FIG. 21A shows a block diagram of an implementation A120 of apparatus A100 that includes an activity detector AD10 and an implementation GC130 of subband gain factor calculator GC110. Activity detector AD10 produces an activity detection signal SD10 that indicates whether reproduced audio signal RAS10 is active. For example, activity detector AD10 may be implemented to produce activity detection signal SD10 by comparing a current frame energy of reproduced audio signal RAS10 to a threshold value and/or to a corresponding noise reference (e.g., a time-average of inactive frames of signal RAS10).

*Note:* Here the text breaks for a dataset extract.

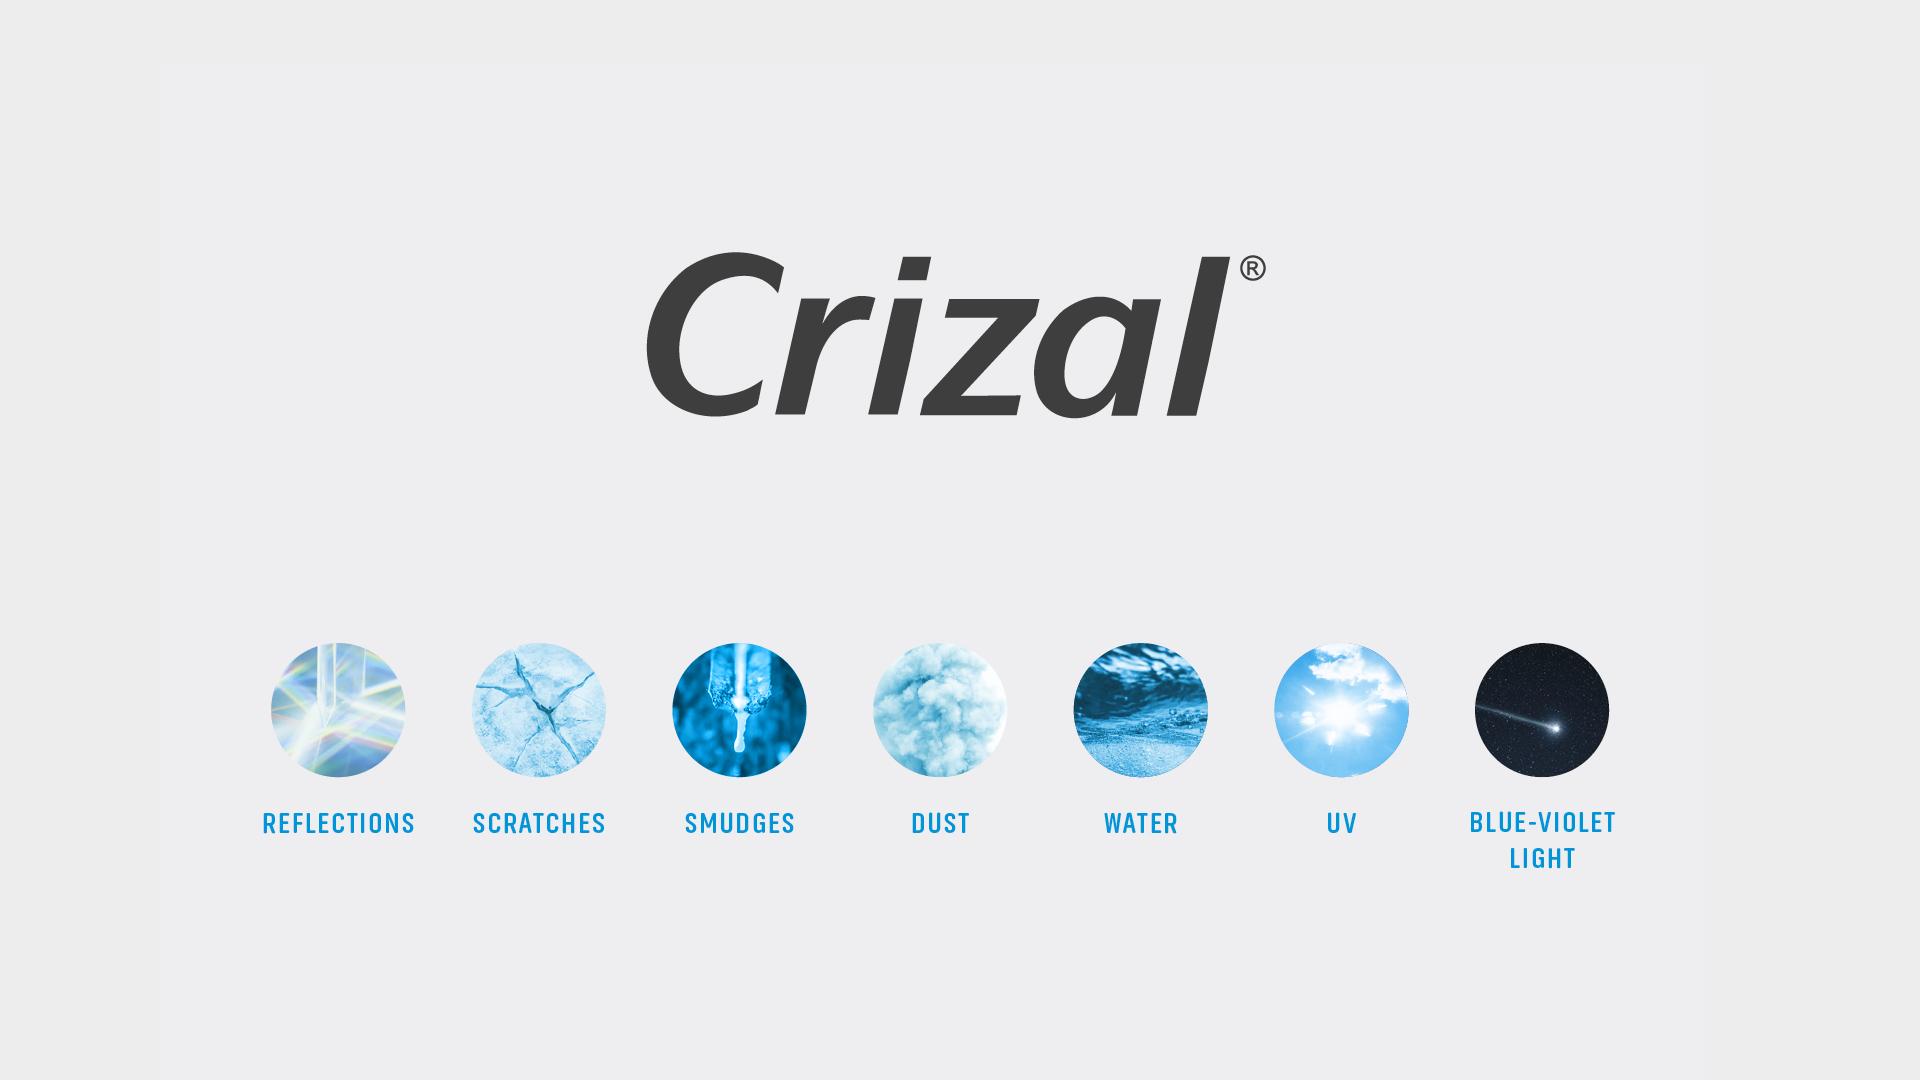 crizal_casclient2

Alternatively, for a case in which reproduced audio signal RAS10 is a far-end communications signal (i.e., received in an encoded form), activity detector AD10 may be implemented to determine whether reproduced audio signal RAS10 is active based on a value of a parameter within the encoded signal (e.g., a parameter that indicates a coding mode to be used to decode the frame). Activity detector AD10 may also be implemented to continue to indicate that reproduced audio signal RAS10 is active during a hangover period (e.g., two, three, four, or five frames) after such activity ceases.

As shown in the block diagram of FIG. 21B, subband gain factor calculator GC130 includes an implementation RC110 of reinforcement factor calculator RC100, which is configured to set reinforcement factor R(i) to a default value (e.g., 1.0) in response to a state of activity detection signal SD10 that indicates inactivity. Apparatus A200 may be similarly implemented to include an instance of activity detector AD10 and a corresponding implementation GC230 of gain factor calculator GC200, which includes a similar implementation RC210 of reinforcement factor calculator RC200 as shown in the block diagram of FIG. 21C.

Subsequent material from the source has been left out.